In connection with the acquisition of the Austin Hotel, Moody Holding borrowed $11,500,000 from the lender pursuant to the Loan Agreement by and between Moody Holding and the lender, or the Loan Agreement. The property loan is evidenced by a Promissory Note made by Moody Holding in favor of Lender, or the Note.

 

The entire unpaid principal balance of the property loan and all accrued and unpaid interest and all other amounts due under the Loan Agreement and the related loan documents will be due and payable in full on January 6, 2024, or the maturity date. Interest on the outstanding principal balance of the Property Loan accrues at a per annum rate equal to 5.426%. In the event that, and so long as, any event of default has occurred and is continuing under the property loan, the outstanding principal balance of the property loan and any unpaid interest will bear interest at a per annum rate equal to the lesser of (1) the highest interest rate permitted by applicable law and (2) 10.426%. In addition, in the event that any principal, interest or any other amount due under the property loan is not paid when due, Moody Holding will pay upon demand by the lender a late charge in an amount equal to the lesser of (1) 5.0% of the amount of the overdue payment and (2) the maximum amount payable pursuant to applicable law. Moody Holding may, upon at least thirty (30) days prior written notice to the lender, prepay the outstanding principle balance, plus all accrued interest and other amounts due, in full (but not in part) without payment of any penalty or premium on any business day following the date that is three months prior to the maturity date. Any other voluntary prepayment of the property loan will be subject to a prepayment penalty calculated in accordance with the Loan Agreement.

 

The performance of the obligations of Moody Holding under the property loan are secured by, among other things, (1) a security interest in the Austin Hotel and other collateral granted to the lender by Moody Holding pursuant to a Deed of Trust, Assignment of Leases and Rents, Security Agreement and Fixture Filing, or the Deed of Trust, (2) the subordination in all respects of the Hotel Lease and all of the rights of Master Tenant under the Hotel Lease to the terms and conditions of the Loan Agreement, the Deed of Trust and the other loan documents and the liens created by the Deed of Trust and the other loan documents in favor of the lender, pursuant to a Master Lease Subordination and Attornment Agreement, and (3) an assignment of all of Master Tenant’s right, title and interest in and to the Hotel Management Agreement and the subordination of all of Property Manager’s right to receive management fees and other rights and interests with respect to the Austin Hotel to the liens and interests of the lender pursuant to an Assignment of Management Agreement and Subordination of Management Fees.

 

Brett C. Moody, our Chief Executive Officer, President and Chairman of the Board, has agreed to unconditionally guarantee the payment to the lender of, and to indemnify the lender from and against, any and all liabilities, losses, damages, costs and expenses, claims and judgments, of any kind, which may be imposed upon or incurred by the lender as a result of, among other events: (1) the breach of any representation, warranty, covenant or indemnification provision in the Environmental Indemnity (defined below), the Deed of Trust or any other loan document concerning environmental laws or hazardous materials, (2) material physical waste of the Austin Hotel, (3) the commission of a criminal act by Moody Holding, Master Tenant or Mr.
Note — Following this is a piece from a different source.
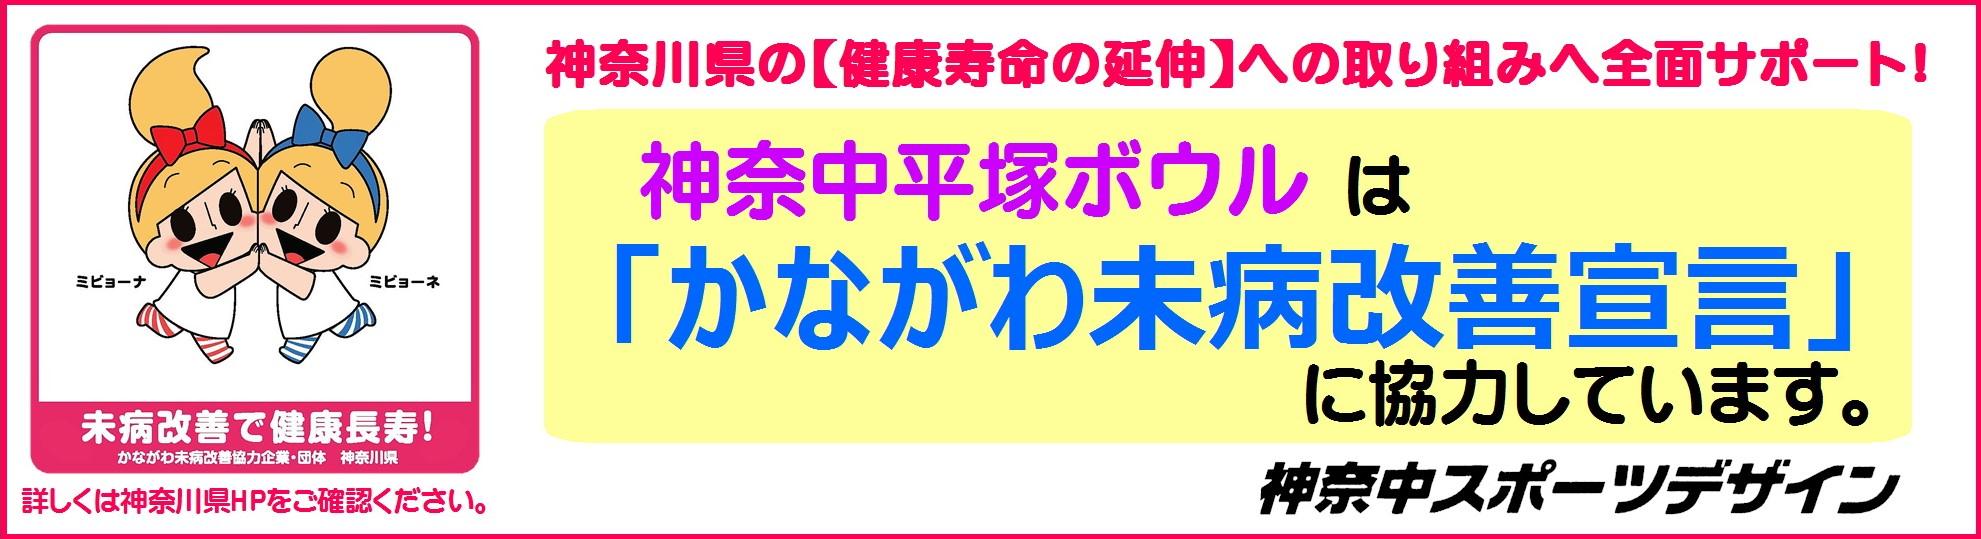 神奈中平塚ボウルは「かながわ未病改善宣言」に協力しています。

Moody or any other guarantor of the property loan, (4) any action by Moody Holding, Master Tenant or Mr. Moody or any other guarantor of the property loan that constitutes intentional material misrepresentation or gross negligence, and (5) the breach of certain representations and provisions of the Loan Agreement and other loan documents. In addition, Mr. Moody has agreed that Moody Holding’s obligations with respect to the property loan will become fully recourse to Mr. Moody as guarantor in the event that, among other things, (1) the first monthly payment due under the Note is not paid in full when due, (2) Moody Holding, Master Tenant, Mr. Moody or any other any guarantor or any of their affiliates engages in any action constituting fraud or willful misconduct in connection with the Austin Hotel or the property loan, (3) the termination, cancellation, or surrender of the Master Lease without the lender’s prior written consent, or (4) Moody Holding or Master Tenant files a voluntary petition under any federal, state or local bankruptcy or insolvency law, consents to or joins any involuntary petition filed by any other person under any other federal, state, local bankruptcy or insolvency law, or makes an assignment for the benefit of creditors.

 

Pursuant to an Environmental Indemnity Agreement, or the Environmental Indemnity, Moody Holding and Mr. Moody, which we collectively refer to as the “Indemnitors,” have agreed to jointly and severally indemnify and hold harmless the lender and its officers, directors, employees and agents, from and against any losses, damages, costs, claims, suits or other liabilities of any nature that the lender may suffer or incur as a result of, among other things, (1) any presence of any hazardous substances at the Austin Hotel or release of hazardous substances from the Austin Hotel, (2) any activity by the Indemnitors or their respective affiliates or any tenant or occupant of the Austin Hotel in connection with any treatment, storage, release, removal, handling, transfer or transportation to or from the Austin Hotel of any hazardous substances, (3) any non-compliance or violations of any environmental laws or permits in connection with the Austin Hotel or its operations, and (4) any breach by the Indemntitors of any representation, warranty, covenant or other obligation relating to environmental laws or hazardous substances under the Environmental Indemnity, the Loan Agreement or any other loan document.